(Your task)
Starting at the line below with "slide 26 of" and stopping at the line with "Men’s fashion is", please print each line exactly, those two included, and skip every picture.

(Data section)
★ ★ ★

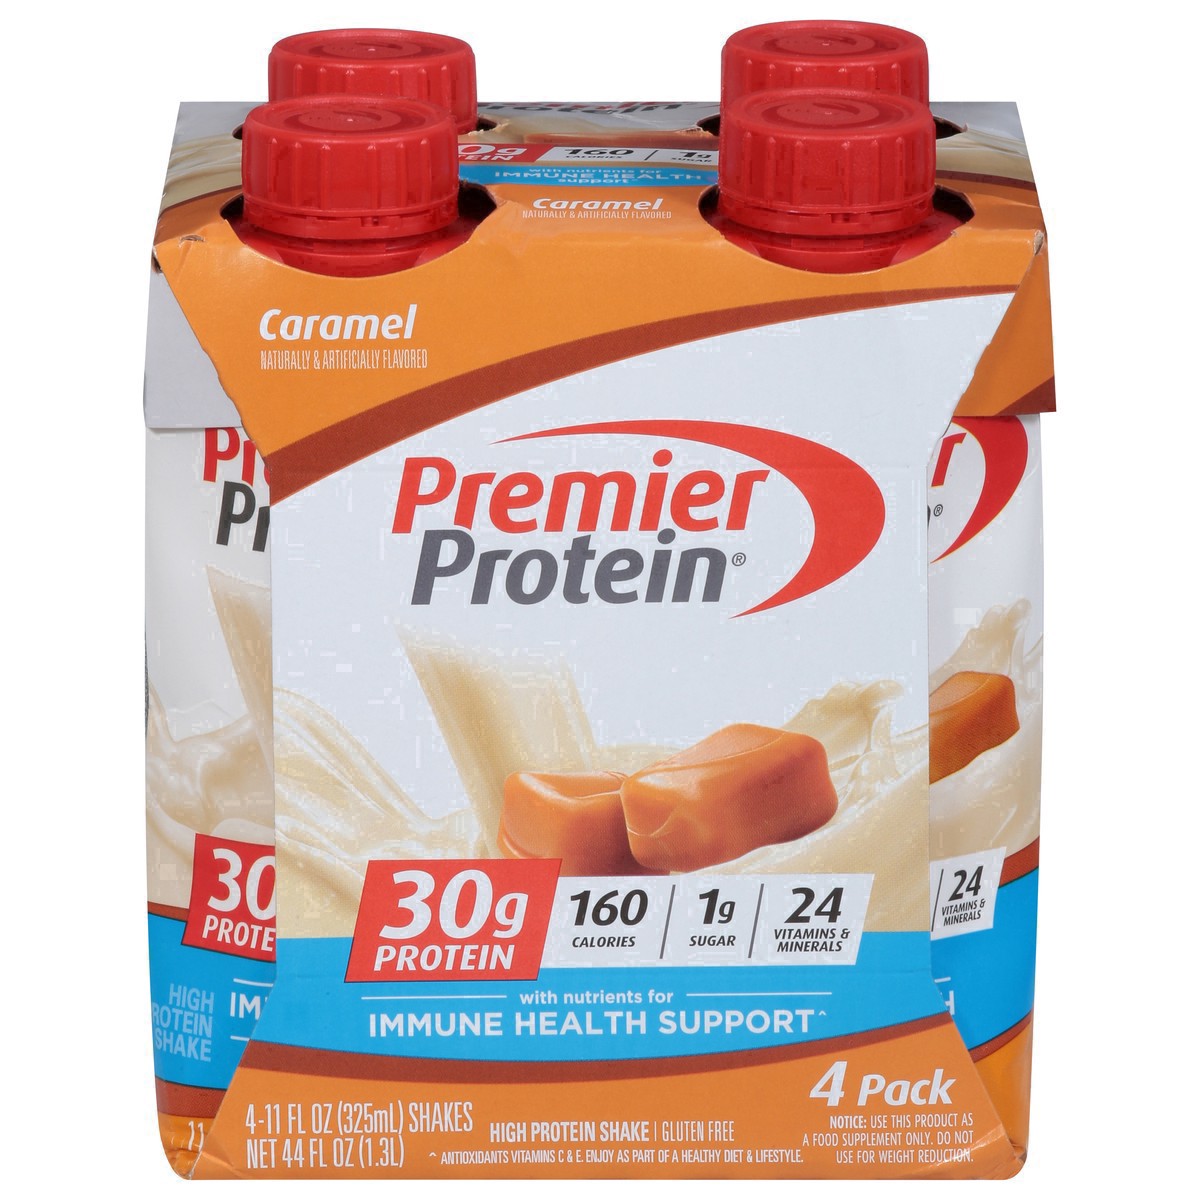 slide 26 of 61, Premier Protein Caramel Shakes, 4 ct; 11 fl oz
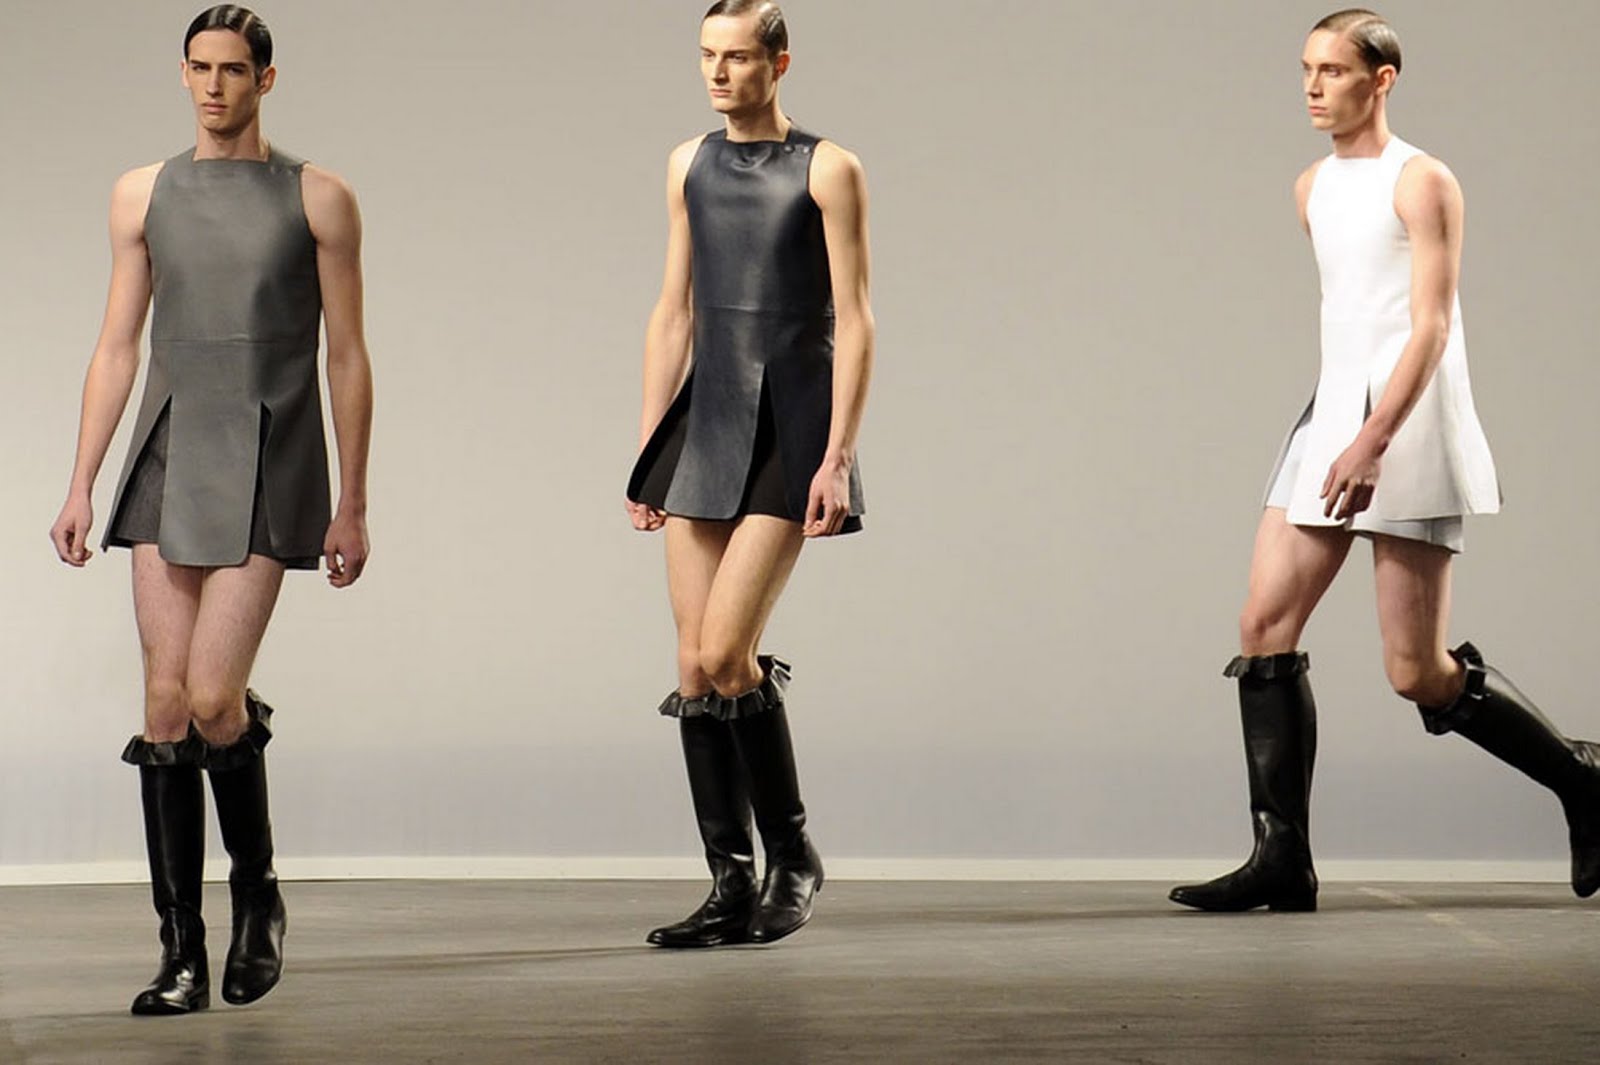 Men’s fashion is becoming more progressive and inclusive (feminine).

★ ★ ★

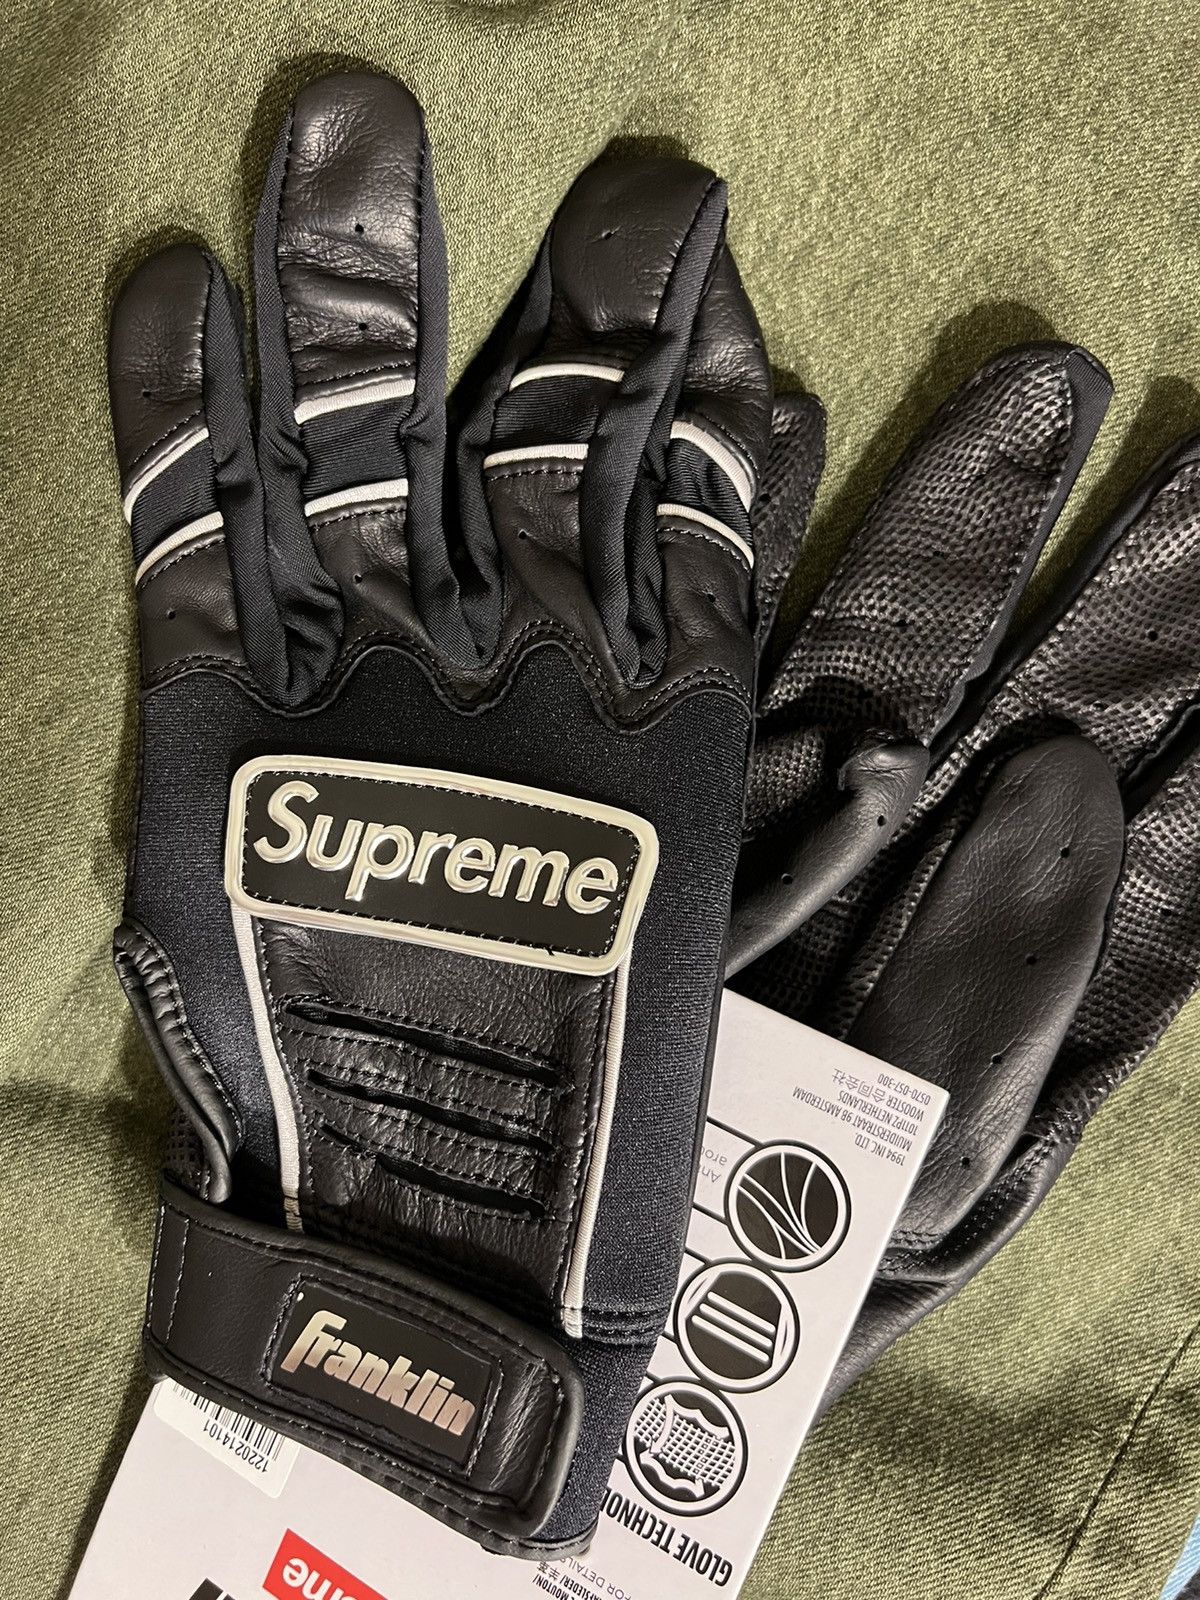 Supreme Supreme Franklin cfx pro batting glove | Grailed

★ ★ ★

(Answer box)
 slide 26 of 61, Premier Protein Caramel Shakes, 4 ct; 11 fl oz
 Men’s fashion is becoming more progressive and inclusive (feminine).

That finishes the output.